Von Buhler studied art and children's books at The Art Institute of Boston. After graduating she continued her studies at Richmond, The American International University in London.

===Royalty connection===
Von Buhler claims her family is rumored to descend from the royal Italian Sforza family through an illegitimate child. This Sforza line was given the title of "Count" by the Pope to give them legitimacy. An Italian diplomat and anti-Fascist politician of this line is Count Carlo Sforza. In a manifesto von Buhler wrote in 2001 she explains why she has a title. "My grandmother's maiden name is Sforza, and the rumor in the family is that we are related to the infamous Francesco Sforza of Milan, known for treachery, hiring Leonardo da Vinci as his plumber, beautiful mistresses, and a delicious Italian nougat candy called Torrone." A friend began referring to the gothic Victorian house as Castle von Buhler and the name stuck—the press dubbed the artist Countess Cynthia von Buhler.

==Immersive theater==
Speakeasy Dollhouse by von Buhler is a true tale of New York City Prohibition-era bootlegging, mafia, infidelity, and murder. Von Buhler had been haunted by a shocking family mystery for years. Her grandparents Frank and Mary Spano owned two speakeasies in the Bronx during Prohibition: one that masqueraded as a bakery, the other a secret nightclub. Shortly after Prohibition ended, her grandfather was shot and killed on the street in Manhattan. Her grandmother was pregnant with her mother at the time, and upon hearing the news of the murder she went into labor. Von Buhler's grandfather's body was laid out in one room of their small Bronx apartment while her mother was born in the room next to it. "Nobody still living in my family knows why my grandfather was shot. Nothing was known about the killer, his motive, or a trial. My grandmother took these secrets to her grave. And so, over the past two years, I have been dusting off a complicated, historically significant story," explains von Buhler. To more thoroughly explore her grandfather's murder and events leading up to it, von Buhler created an elaborate speakeasy dollhouse set complete with handmade dolls in her art studio. The set includes a plush secret nightclub, a bakery, a pre-war apartment, a bootlegging bathroom, a morgue, and even Ellis Island. The set contains crime scene details that can be examined from every angle. Von Buhler was featured in the "Gurney For Grandpa" episode of Oddities discussing this project.

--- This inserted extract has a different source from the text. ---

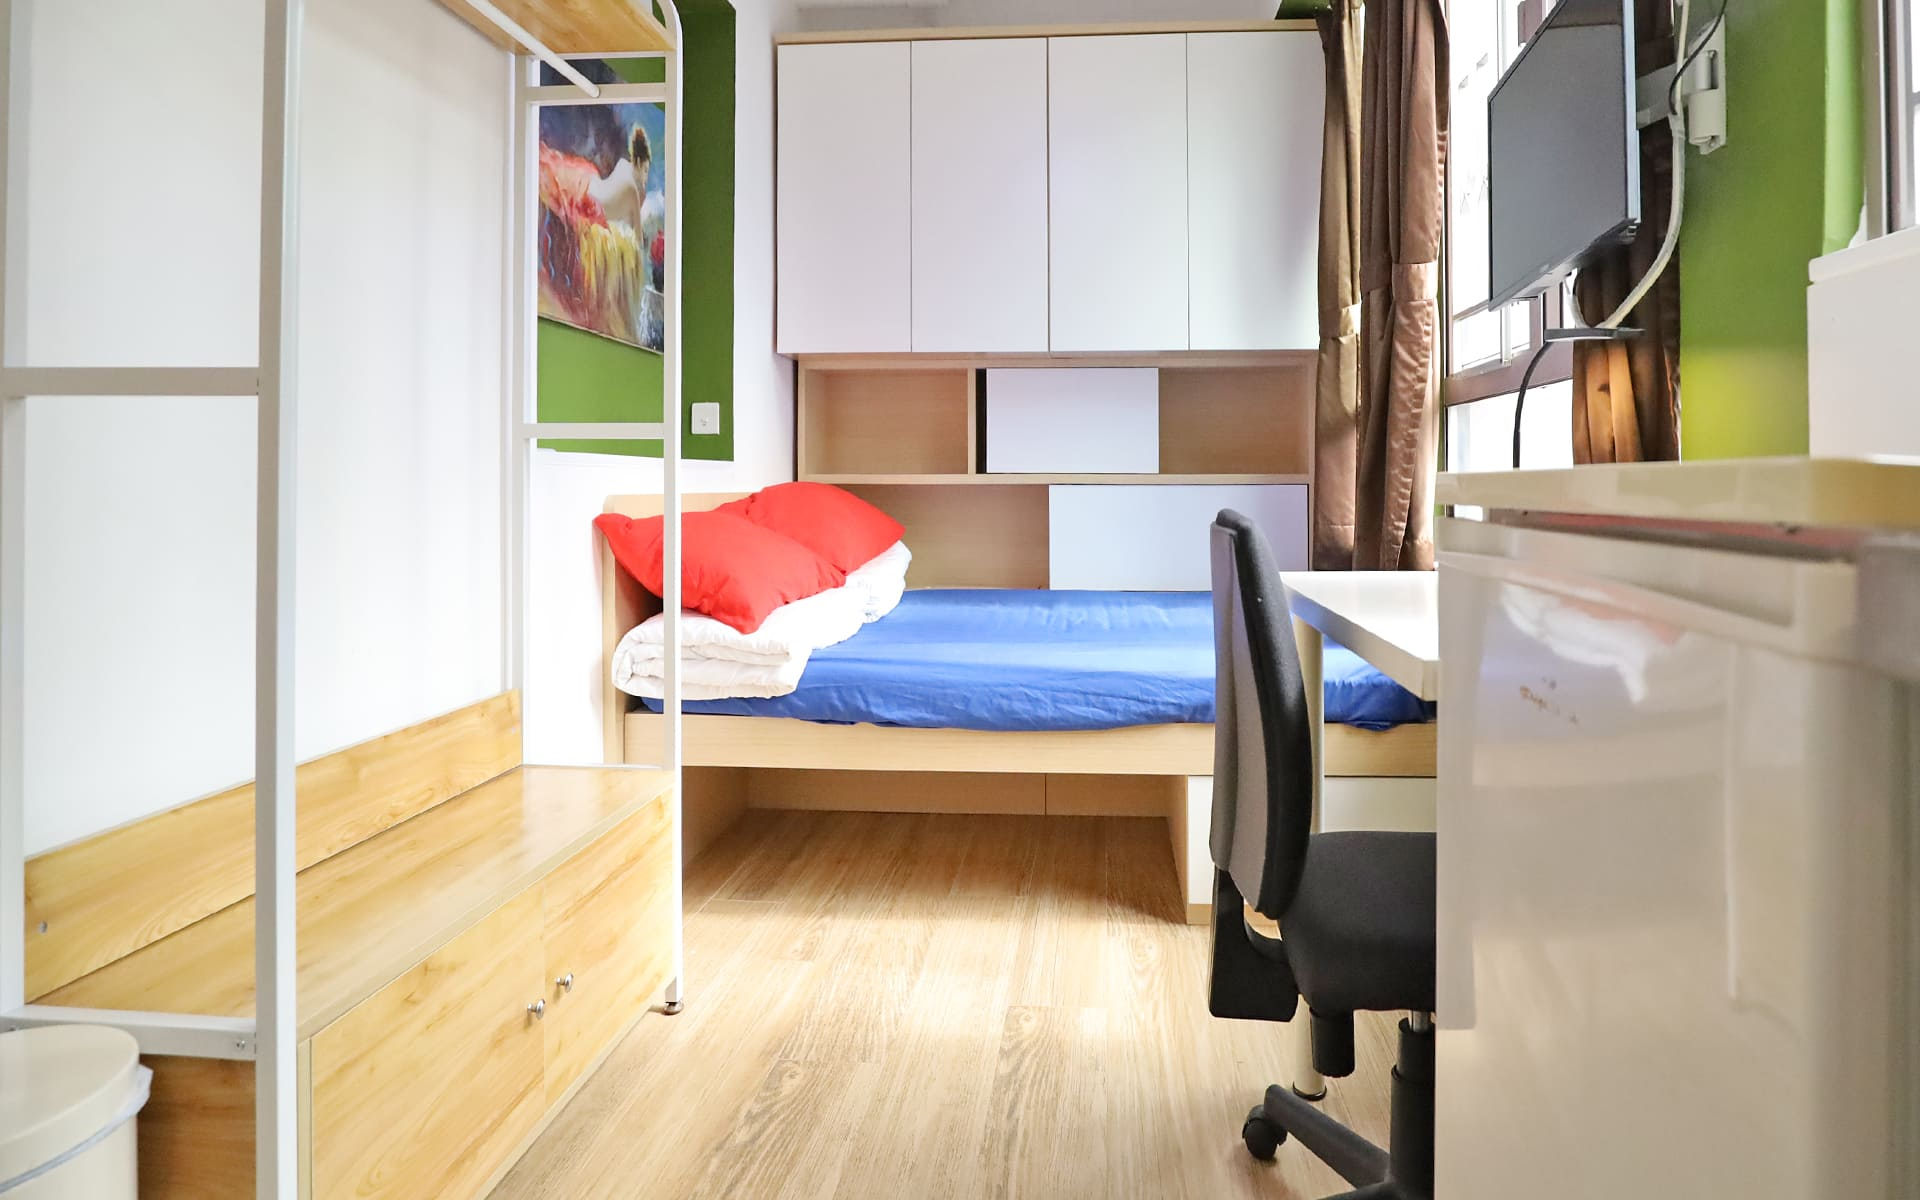 hk_service_apartment_1975971631580801987.jpg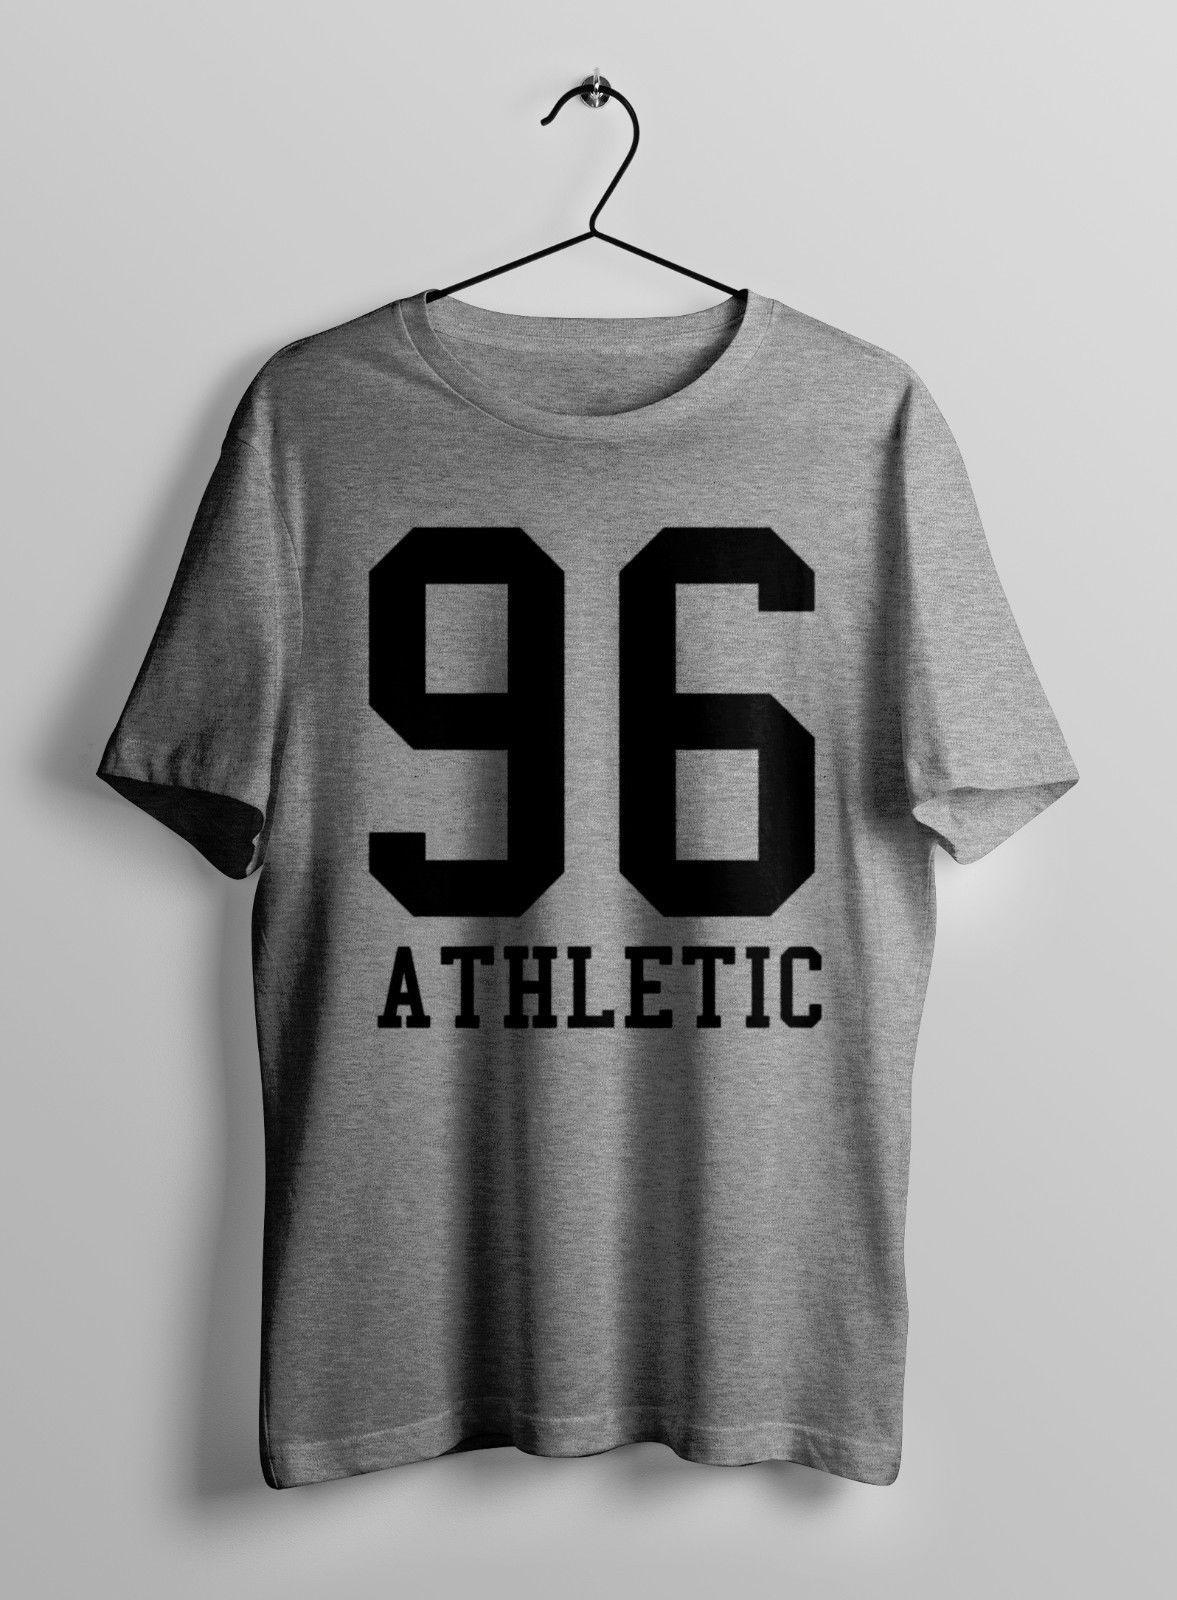 T-Shirt Men Kurzarm Lustige 96 LEICHTATHLETIK Fettdruck RETRO Turnhallen TRAINING TOP UNISEX-T-SHIRT T-SHIRT T-S-XXL Männer-Sommer-Art

Taking it one step further, the artist created an immersive theatrical experience to go along with the sets and her own investigation. Speakeasy Dollhouse stages these events in a historic Lower East Side speakeasy elaborately set up to mirror the dollhouse sets. The actors aren't visually distinguished from the audience, making the audience as key to the show as the performers. The play's tagline is "The speakeasy is my dollhouse and you are my dolls." A limited-edition graphic novel book, The Bloody Beginning, and initial performances in 2011 were paid through Kickstarter, a crowdfunding site. The play will continue into 2015 with tickets available to the general public. Of Dolls and Murder, directed by Susan Marks and narrated by John Waters, is a documentary about Francis Glessner Lee's crime scene investigation dollhouse dioramas. Marks created an Of Dolls and Murder sequel based on Speakeasy Dollhouse.

Speakeasy Dollhouse became the brand name for all of Cynthia von Buhler's immersive theater productions. The original show was renamed The Bloody Beginning.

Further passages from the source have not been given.